Task item :: No pictures belong in the copy. Set down exactly the lines from the one that contains "Dinner Plate 27cm Pétala Simples 0" through the end of the data.

Data block ::
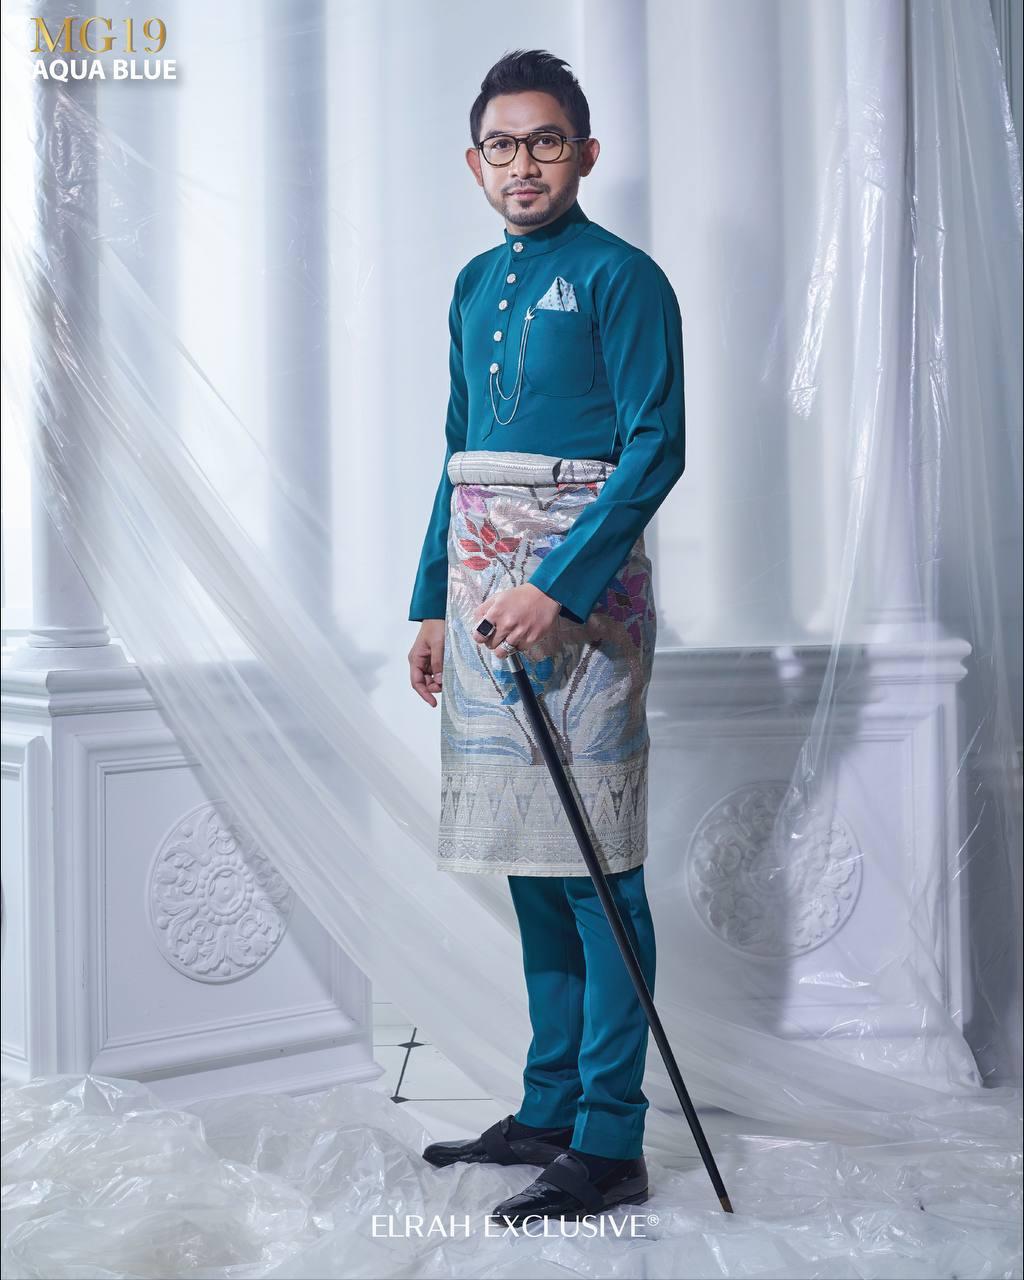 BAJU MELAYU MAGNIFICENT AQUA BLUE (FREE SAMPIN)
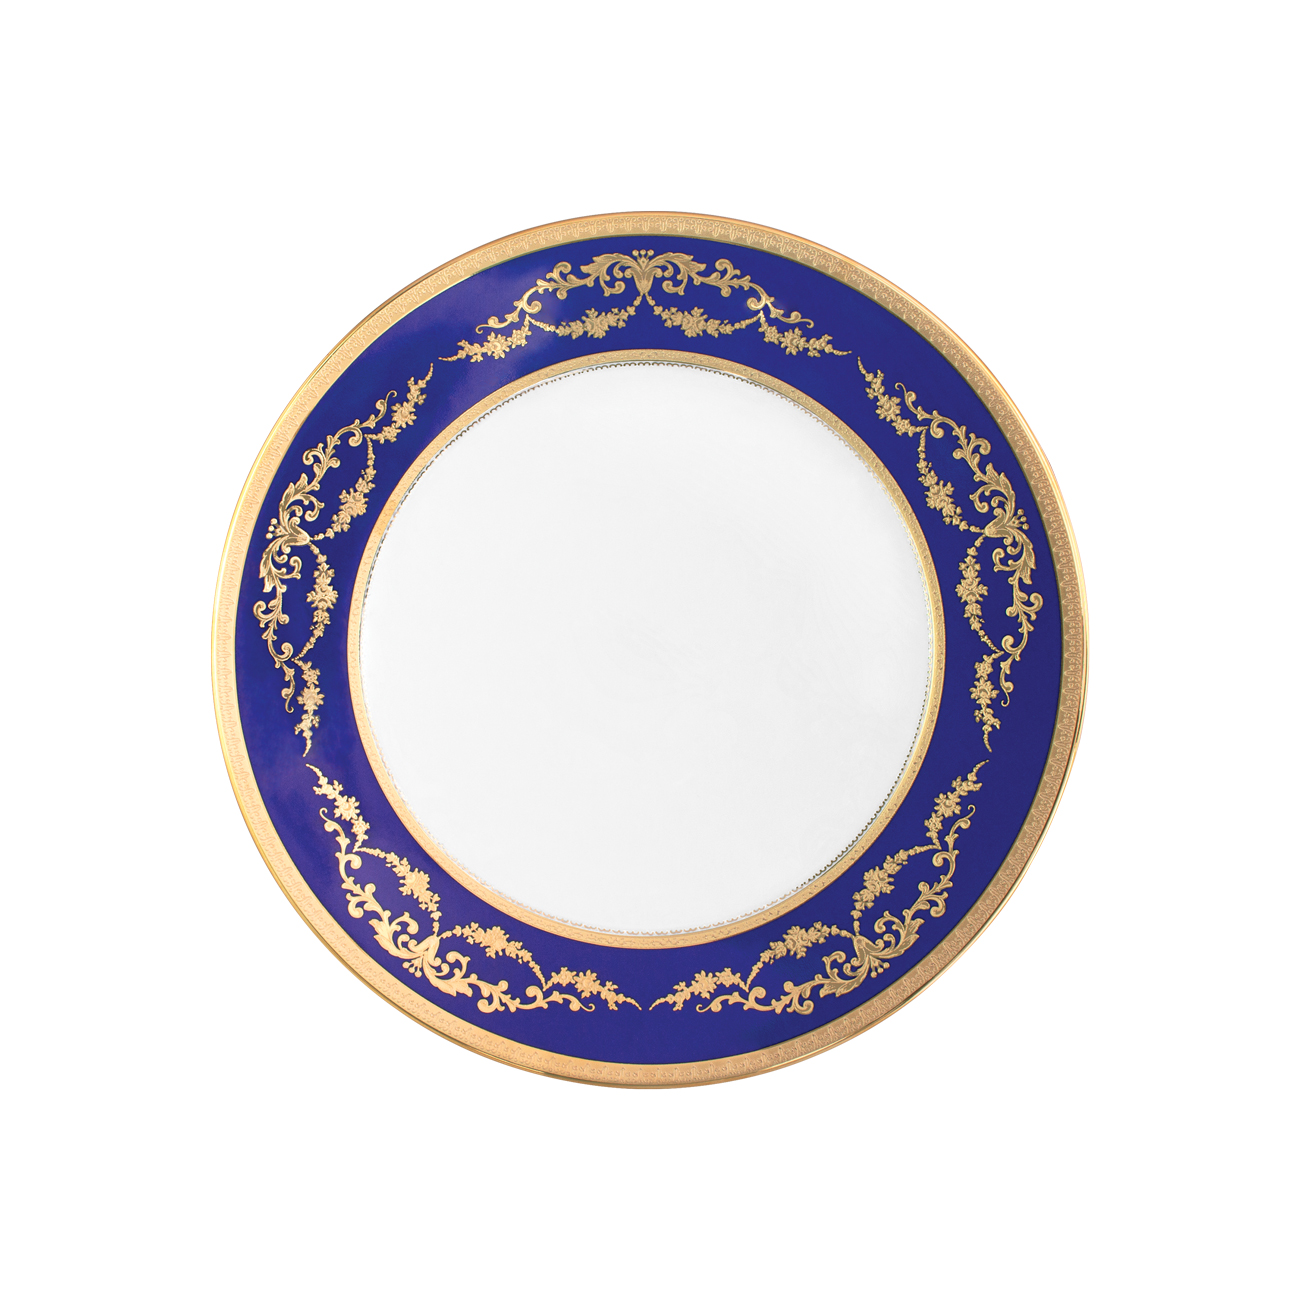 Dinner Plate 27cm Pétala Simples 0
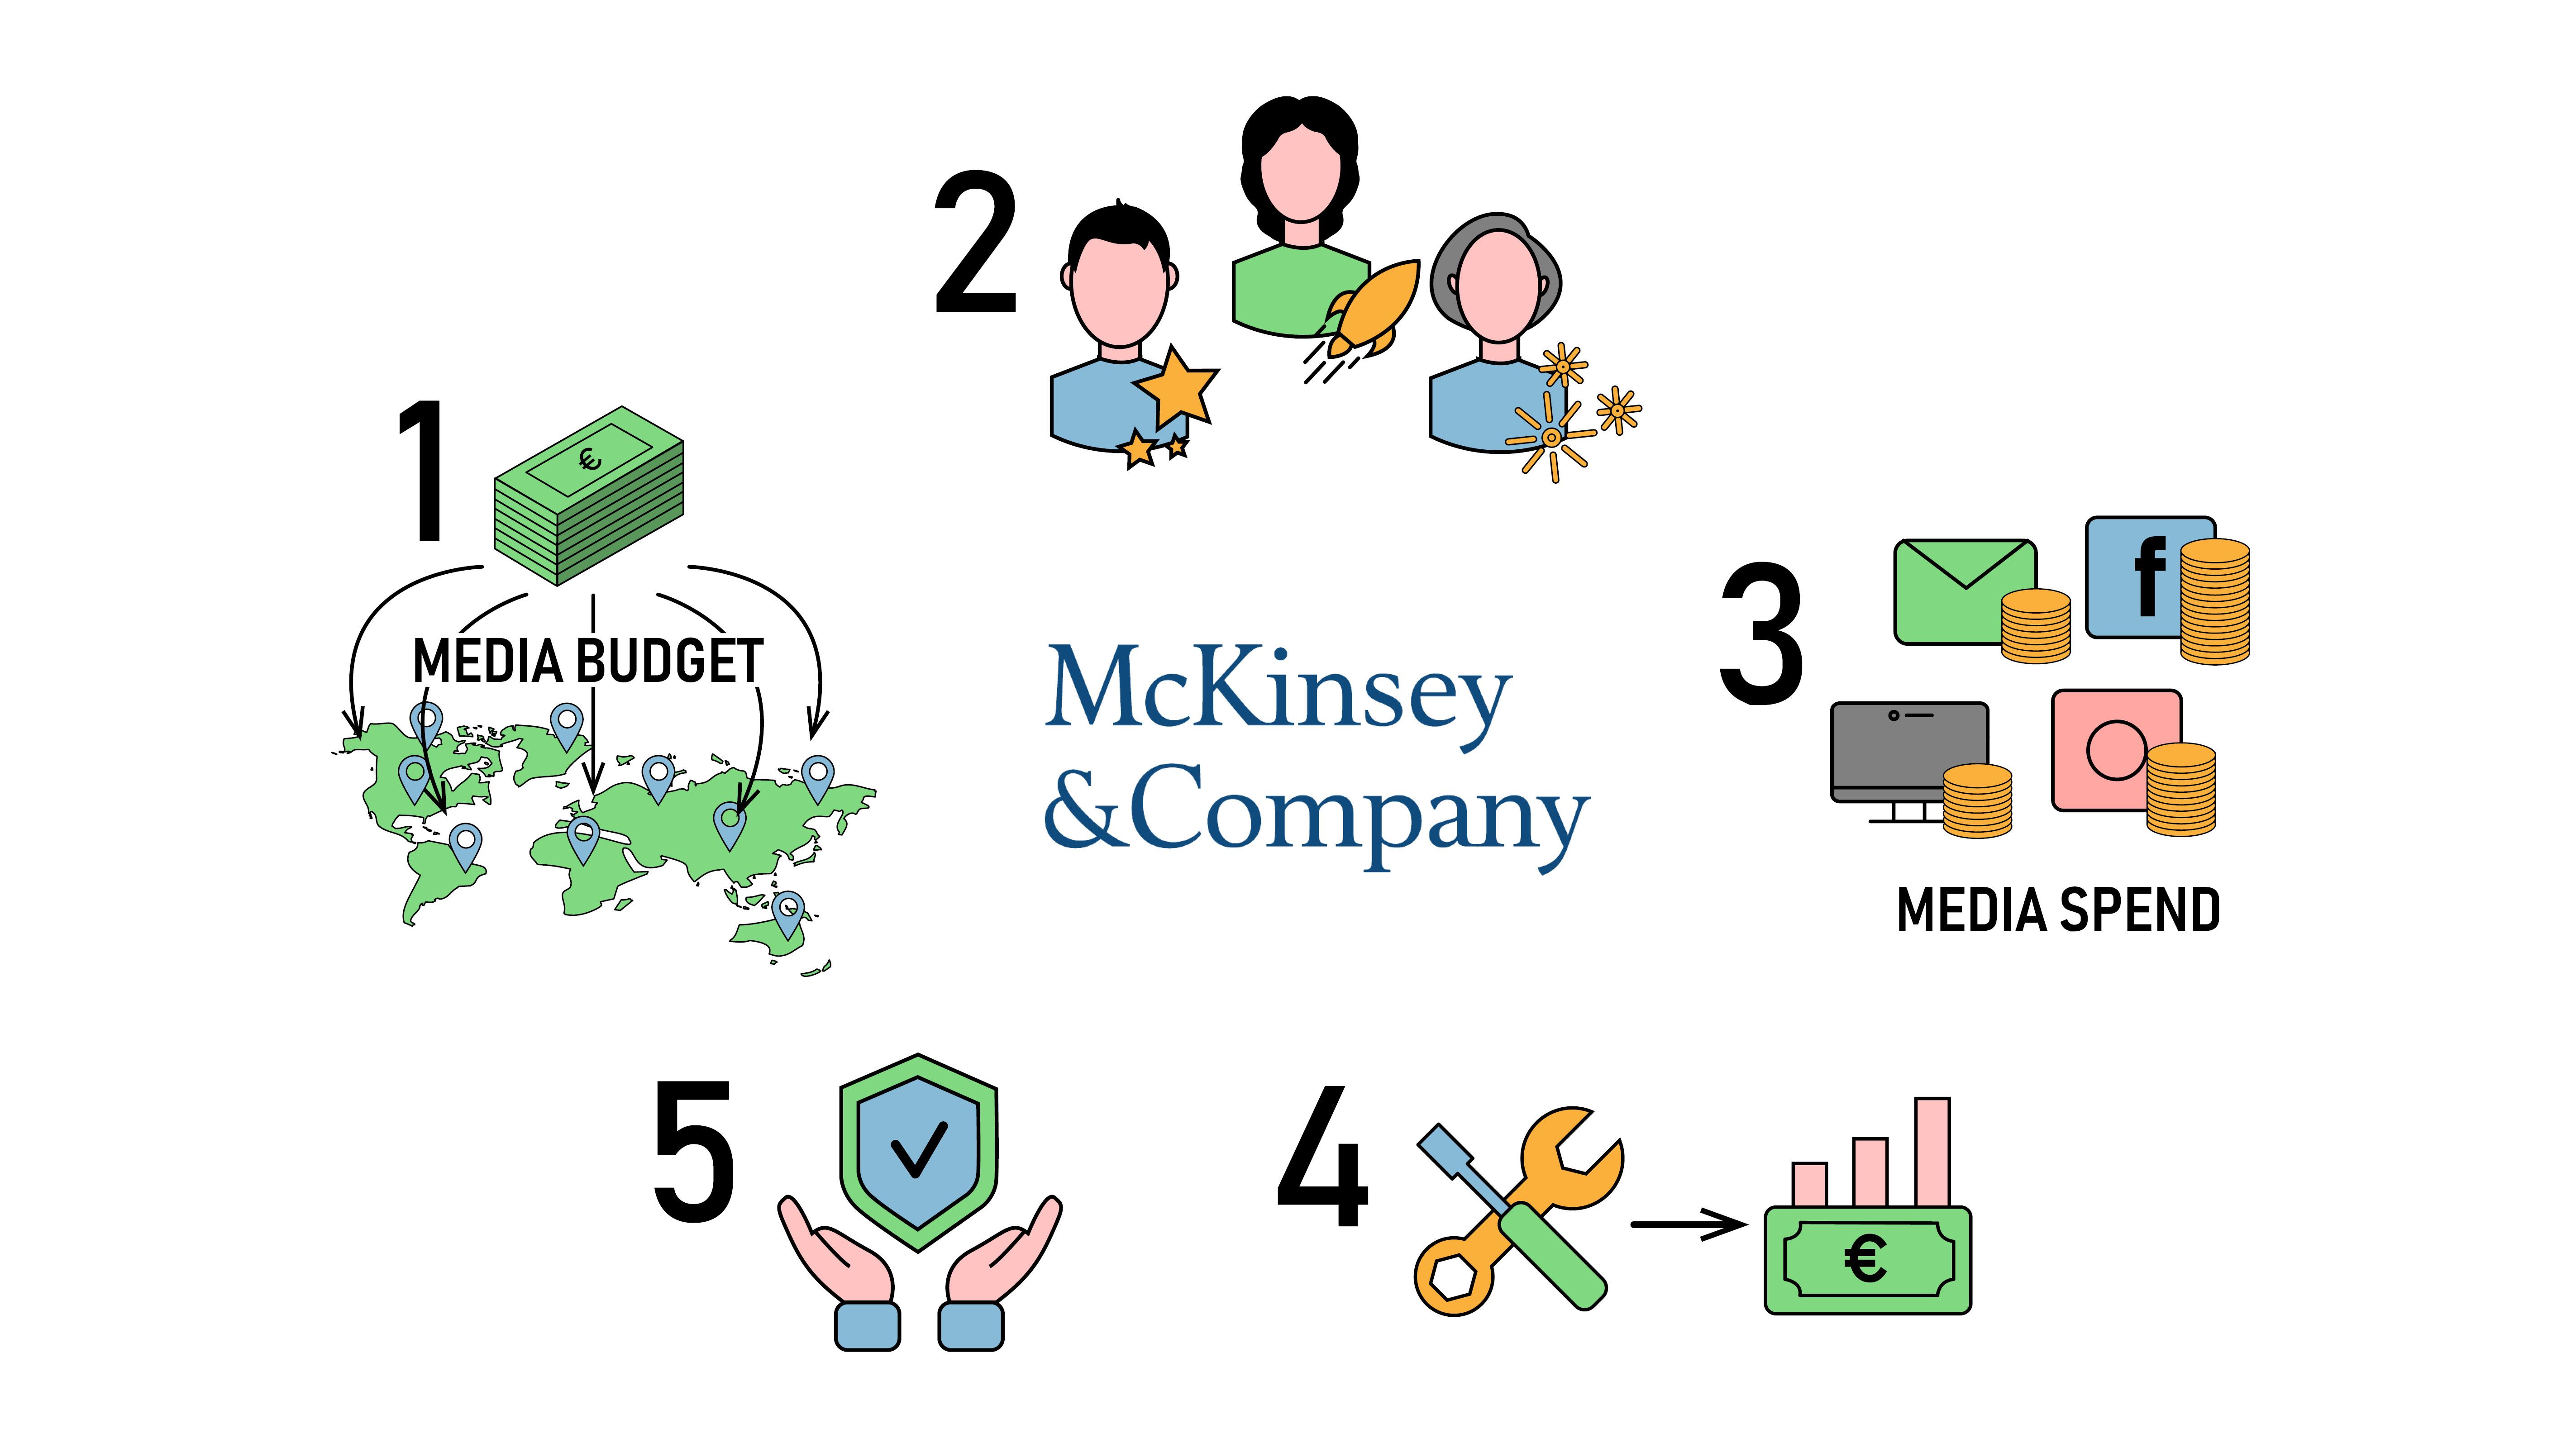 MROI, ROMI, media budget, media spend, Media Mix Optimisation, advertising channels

Exercise answer ::
 Dinner Plate 27cm Pétala Simples 0
 MROI, ROMI, media budget, media spend, Media Mix Optimisation, advertising channels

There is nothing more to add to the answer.